Friday, November 12, 2021

First proper Codeforces round

This was my first Codeforces round (Div2 754) where I competed live. It was very fun and I solved the first three problems. My main issue was not the actual solutions but mainly the implementations. I spent more time debugging than thinking which was a bit of a pain since I just wanted to get on with the harder problems. I'm going to give brief solutions for the first three problems.

Problem A: You are given three positive integers $a_1, a_2$ and $a_3$ and a function $d(a_1, a_2, a_3) = |a_1 + a_3 -2\cdot a_2|$. We can pick any two of the three numbers and add $1$ to one of them and subtract $1$ from the the other. The problem asks for the minimum value of $d(a_1, a_2, a_3)$ that can be achieved given the allowed move.

The idea is that we can only increase/decrease $d(a_1, a_2, a_3)$ by $3$. So we just need to see what $a_1+a_3-2\cdot a_3$ mod $3$ is and this is our answer.

Problem B: We are given a binary string $b$ of length $n$. To do this we are allowed to do the following two things which counts as one move:

  1. Choose a subsequence of any length such that the elements are in non-increasing order.
  2. Reverse the chosen subsequence.
We want to find the minimum number of moves needed to sort the binary string in non-decreasing order.

The first thing to notice is that if we have $x$ $1'$s in $b$, then the last $b$ bits should be all $1'$s. Suppose the last $x$ bits have $y$ $0's$ within them. Then there must be $y$ $1'$s preceding the $x$ last bits. We can select all $y$ $1'$s preceding the last $x$ bits and then all $y$ $0'$s within the last $x$ bits as our subsequence and reverse it. This subsequence has non-increasing elements and will sort $b$ in non-decreasing order. We have an $O(n)$ solution.
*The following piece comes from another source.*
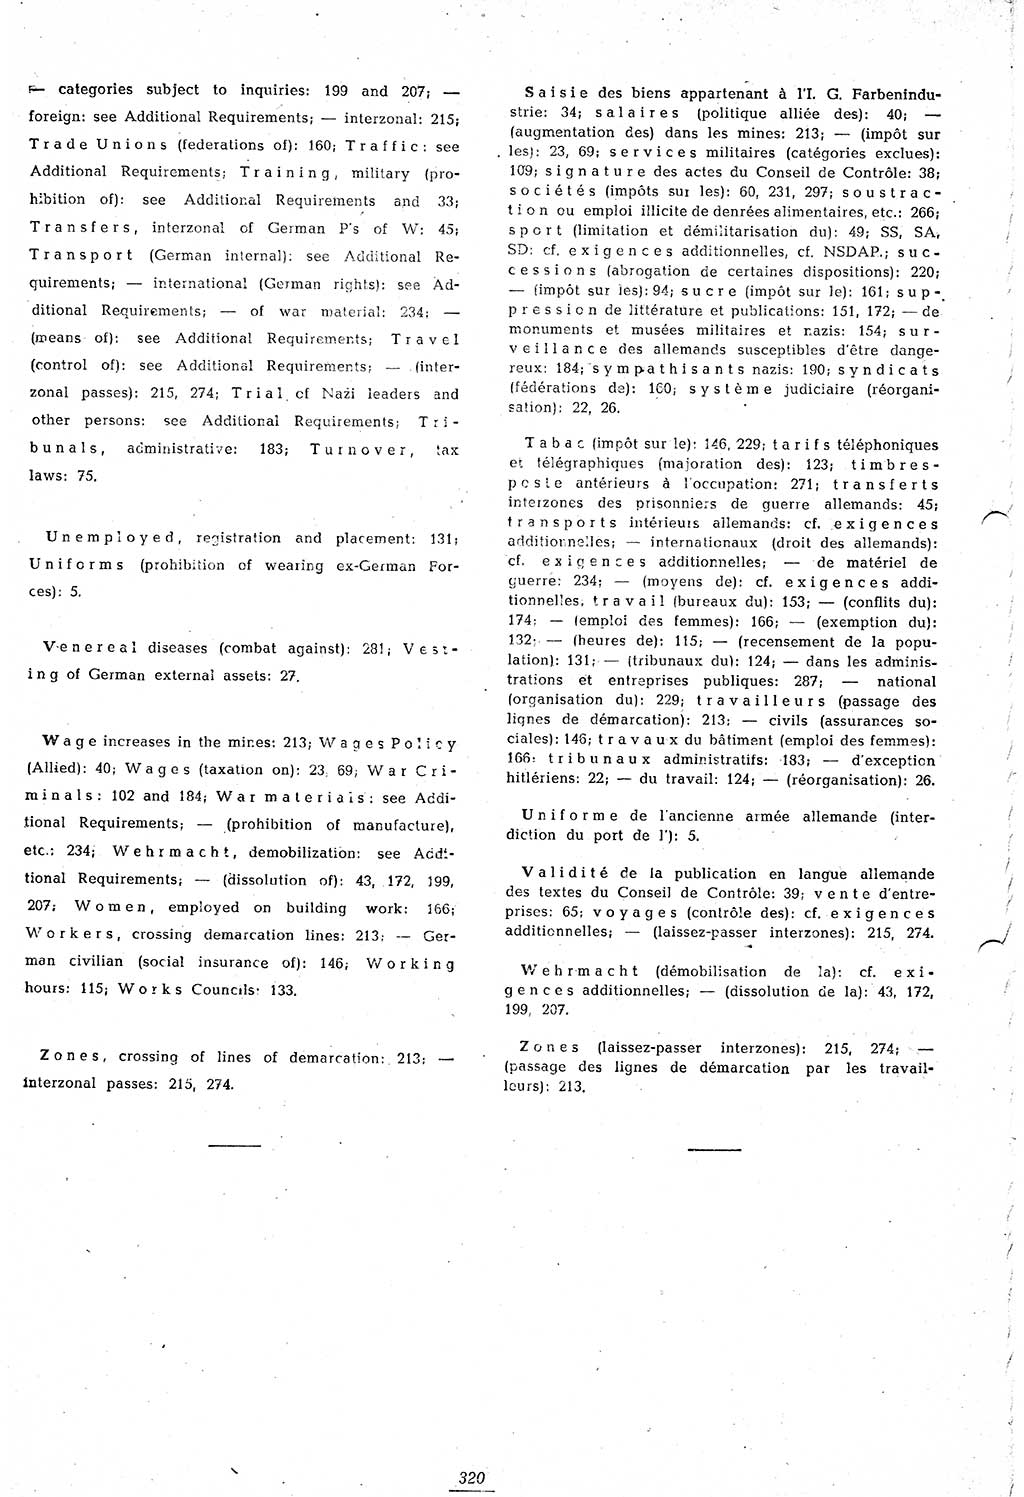 Amtsblatt des Kontrollrats (ABlKR) in Deutschland 1948, Seite 320/1 (ABlKR Dtl. 1948, S. 320/1)

Problem C: We are given a string $s$ of length $n$ consisting of only the characters $a$, $b$ or $c$. We want to find the length of the smallest substring of $s$ which satisfies:
  1. Substring has length $\geq 2$.
  2. $a$ occurs strictly more times than $b$.
  3. $a$ occurs strictly more times than $c$.
The only substring of length $2$ satisfying these conditions is $aa$. If this is not present then we know that any substring satisfying these conditions must have the form $(a(b\cup c)^{*})^* \cup a$. The possible substrings of length $3$ are: $aba, aca$. The substrings of length $4$ are $abca, acba$. A substring of length $5$ or $6$ cannot exist satisfying these conditions since we can't have something like $ababa$ or $abcaba$ since it contains the smaller substring $aba$ which works too. Importantly, there is are $2$ substrings of length $7$, which are $abbacca$ and $accabba$. Anything larger would necessarily include a smaller substring within it. Thus we just check for these and output the smallest. Runs in $O(n)$.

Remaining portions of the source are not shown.